A bit more about surface raiding would have been more useful to me, but then there is always Piper's Space Viking and Paratime series to work from
The above is why I always had problems with the good game/bad sim aspect of the 1977 piracy encounter rules. It was high risk/high rewards to go to the big planets, but any serious plum lke that is going to fund their local navy independent of the far away aspect of whatever empire.
I always figured shipping wouldn't stop, but Cr1000 per ton wasn't going to cut it. Up the fees into multiples depending on the danger- all those turrets and computer programs have to go for something, hmmm?
And of course convoying, a way to stretch those meager frontier defense credits.
As to the pirating problem, yes the M-drive shot out is the way to go, I rather thought that was the point of the original Select program in CT.
The issues you mention however matter.
For the planet strike aspect of the problem, I would expect most starports have a tug on standby, it would go out and at least redirect the path of the ship, if not stop it.
For a D E or X starport I would expect urgent over the radio negotiations for any private parties to do a good deed and get them out.
As for course matching, IMTU the pirates largely operate from small craft with high-Gs from the mother ship that is safely out of lethal range.

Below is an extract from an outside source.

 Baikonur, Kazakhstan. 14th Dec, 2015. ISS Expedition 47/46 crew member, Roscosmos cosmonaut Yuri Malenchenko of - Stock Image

Course, IMTU you get below 100K km and the punch of starship weapons goes up, so most boarding actions are relatively expendable small craft, helping the case for that.
But there is a simpler solution- go with how historical pirates handled this.

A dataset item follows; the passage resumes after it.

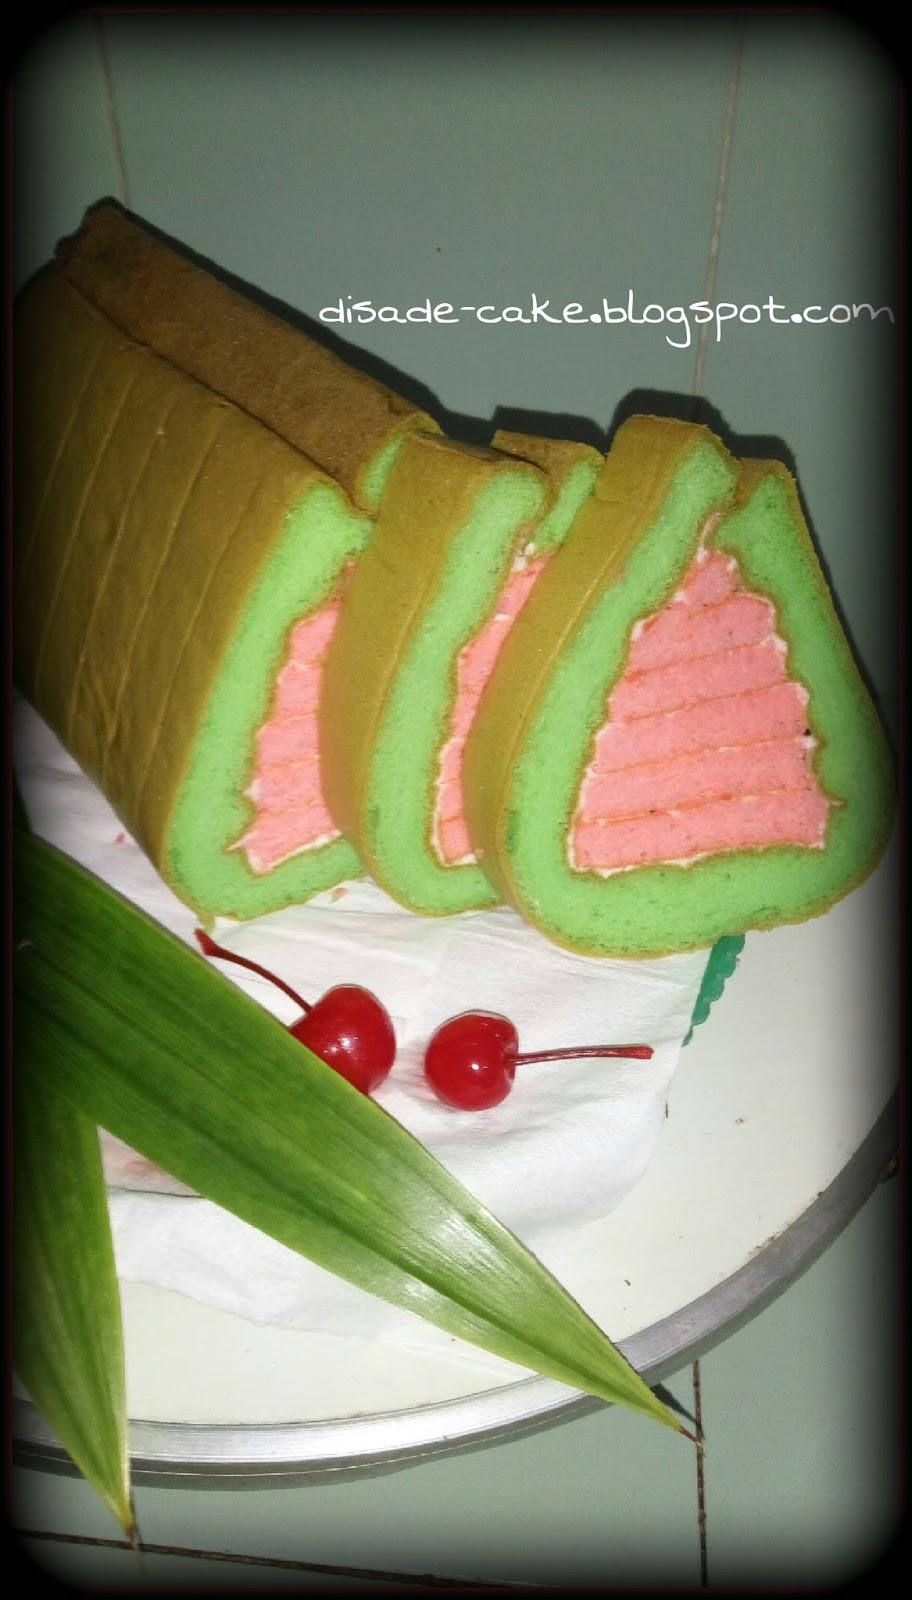 Cake Tart Pudding Cookies Pyramid Roll Cake Roti Gulung Piramida

The pro pirates would offer relatively generous terms to ships that surrendered. The cargo was forfeit and they might shanghai critical skilled people like a doctor, but most passengers and crew would be let go alive.
Most ships took that deal.
The alternative of course is they fight it out, and the pirates are going to give no quarter, to make a lesson and increase the fear for future ships to surrender easily.
If a ship takes the deal, no need to cut into the hull or wrestle with a fast closing maneuver- as part of surrender the crew helps match course and opens the airlocks without incident.
Ship ends up intact, which makes it much more valuable on the black market, or assuming the pirates have problems getting starship maintenance, it could be their new ride. Just like the pirates whose ships would eventually fall apart without new sails or professional maintenance or take battle damage, so they would switch to a new one.
A gentleman pirate might even take the most profitable cargo and let the ship and passengers go on their way, both as a matter of style and enlightened policy of keeping new ships coming rather then drive up rates and risk with total losses.
As for opposed boarding, hull cutting is a gentle art for the salvager looking to maintain maximum value. For a pirate where time is life, they just blast a hole with a ship laser charged for long range combat at point blank range- problem solved. Also, should be plenty of holes from previous hits.